**Aim of the exercise:**
Exactly reproduce the lines of the listing below from the one containing "Manifestation de soutien" through the one containing "Energielabel Boeckstaetehof 535 Nijmegen". Skip the images.

**Dataset entries:**
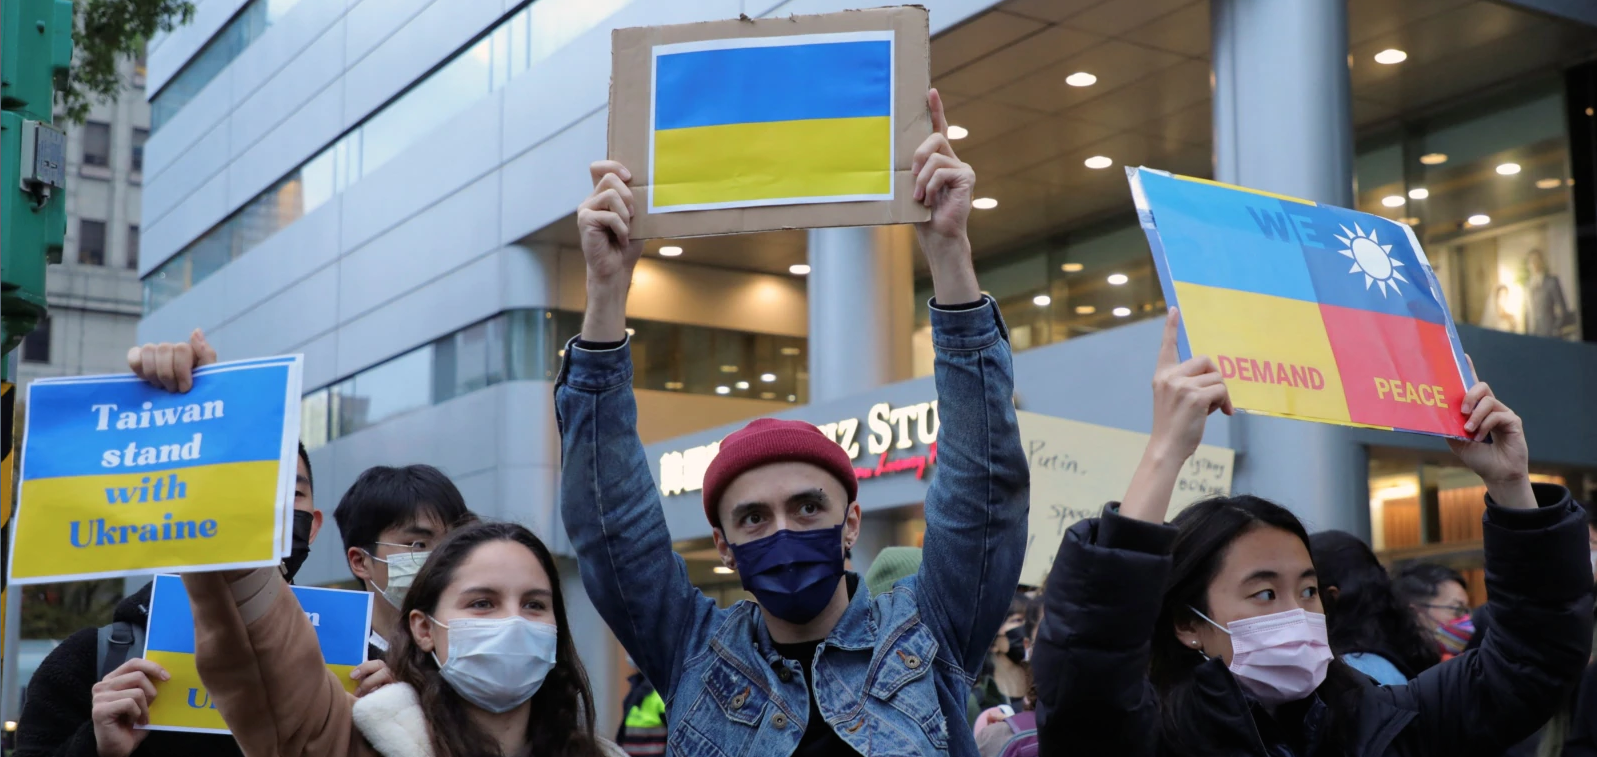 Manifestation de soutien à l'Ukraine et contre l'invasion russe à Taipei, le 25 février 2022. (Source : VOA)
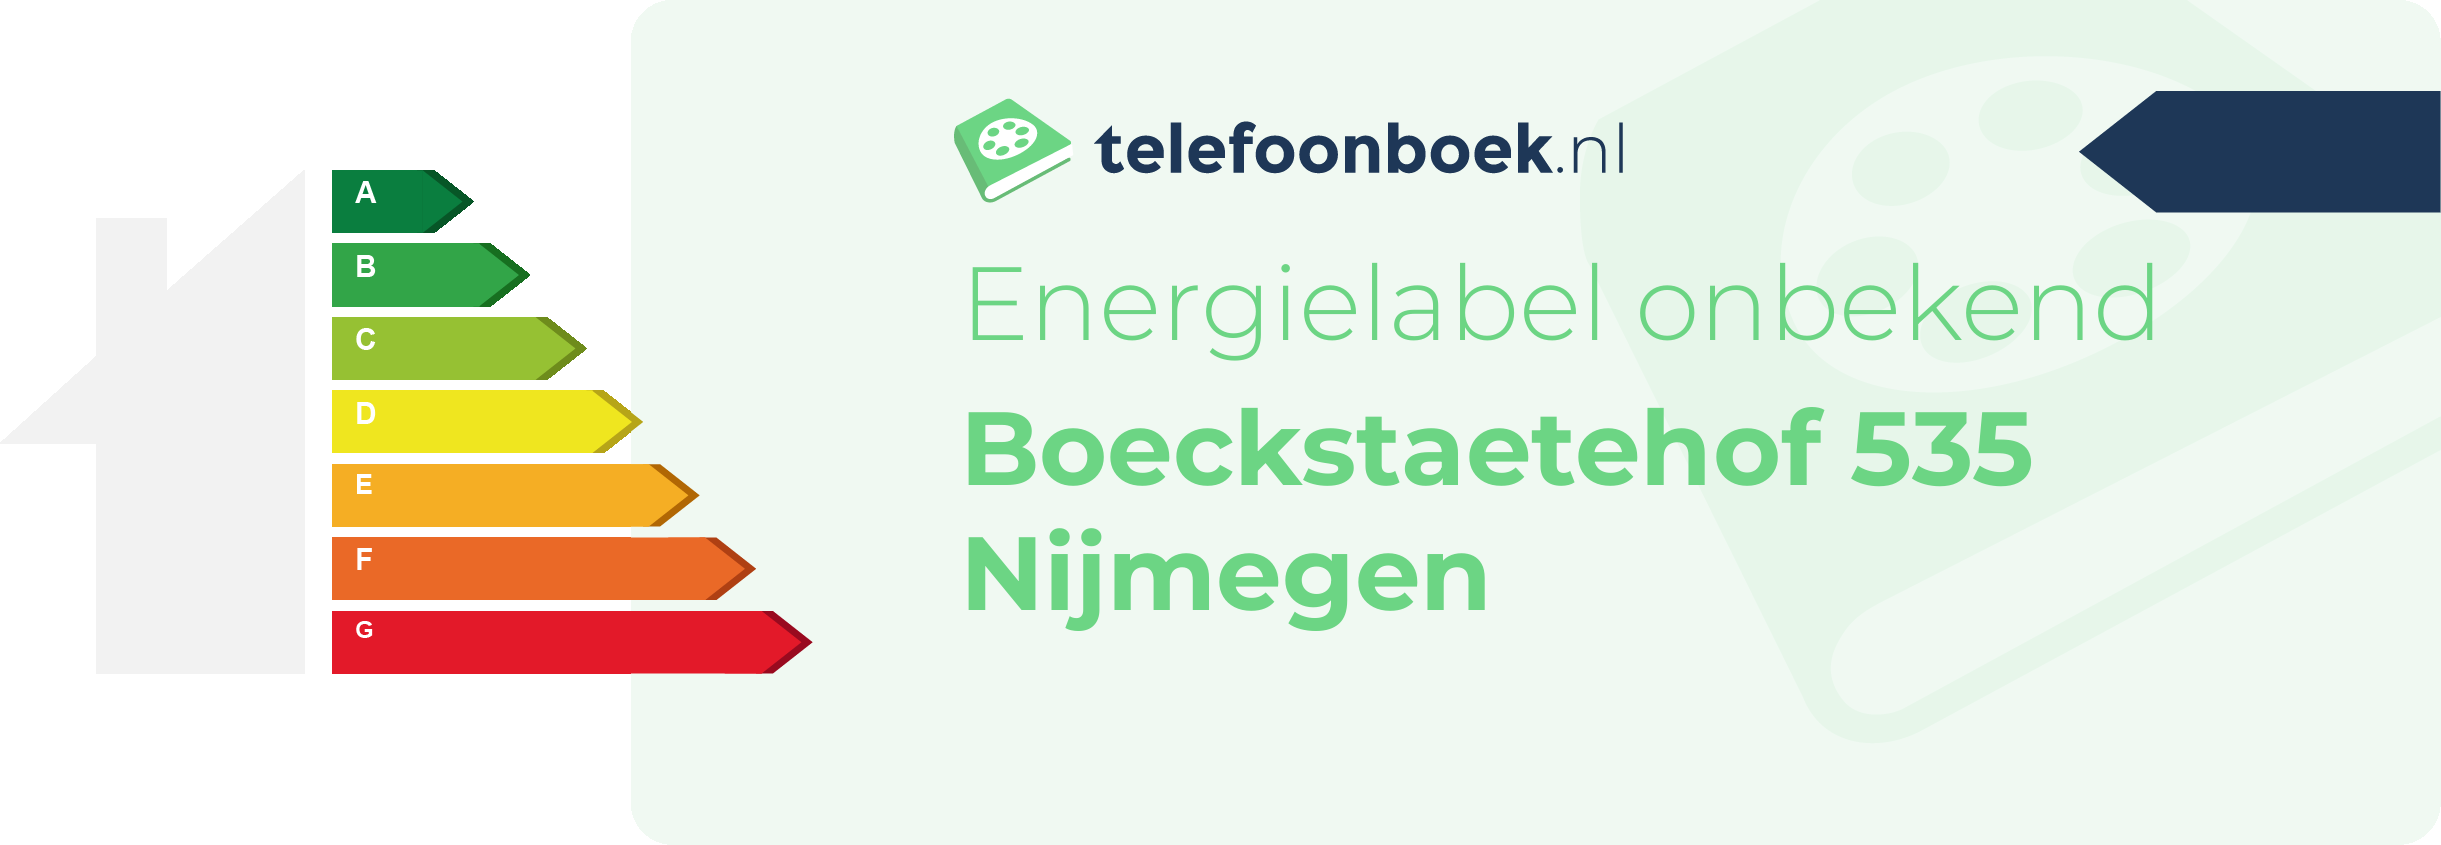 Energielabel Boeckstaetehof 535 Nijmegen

---

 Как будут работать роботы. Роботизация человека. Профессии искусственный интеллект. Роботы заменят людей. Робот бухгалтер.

**Solution for this exercise:**
 Manifestation de soutien à l'Ukraine et contre l'invasion russe à Taipei, le 25 février 2022. (Source : VOA)
 Energielabel Boeckstaetehof 535 Nijmegen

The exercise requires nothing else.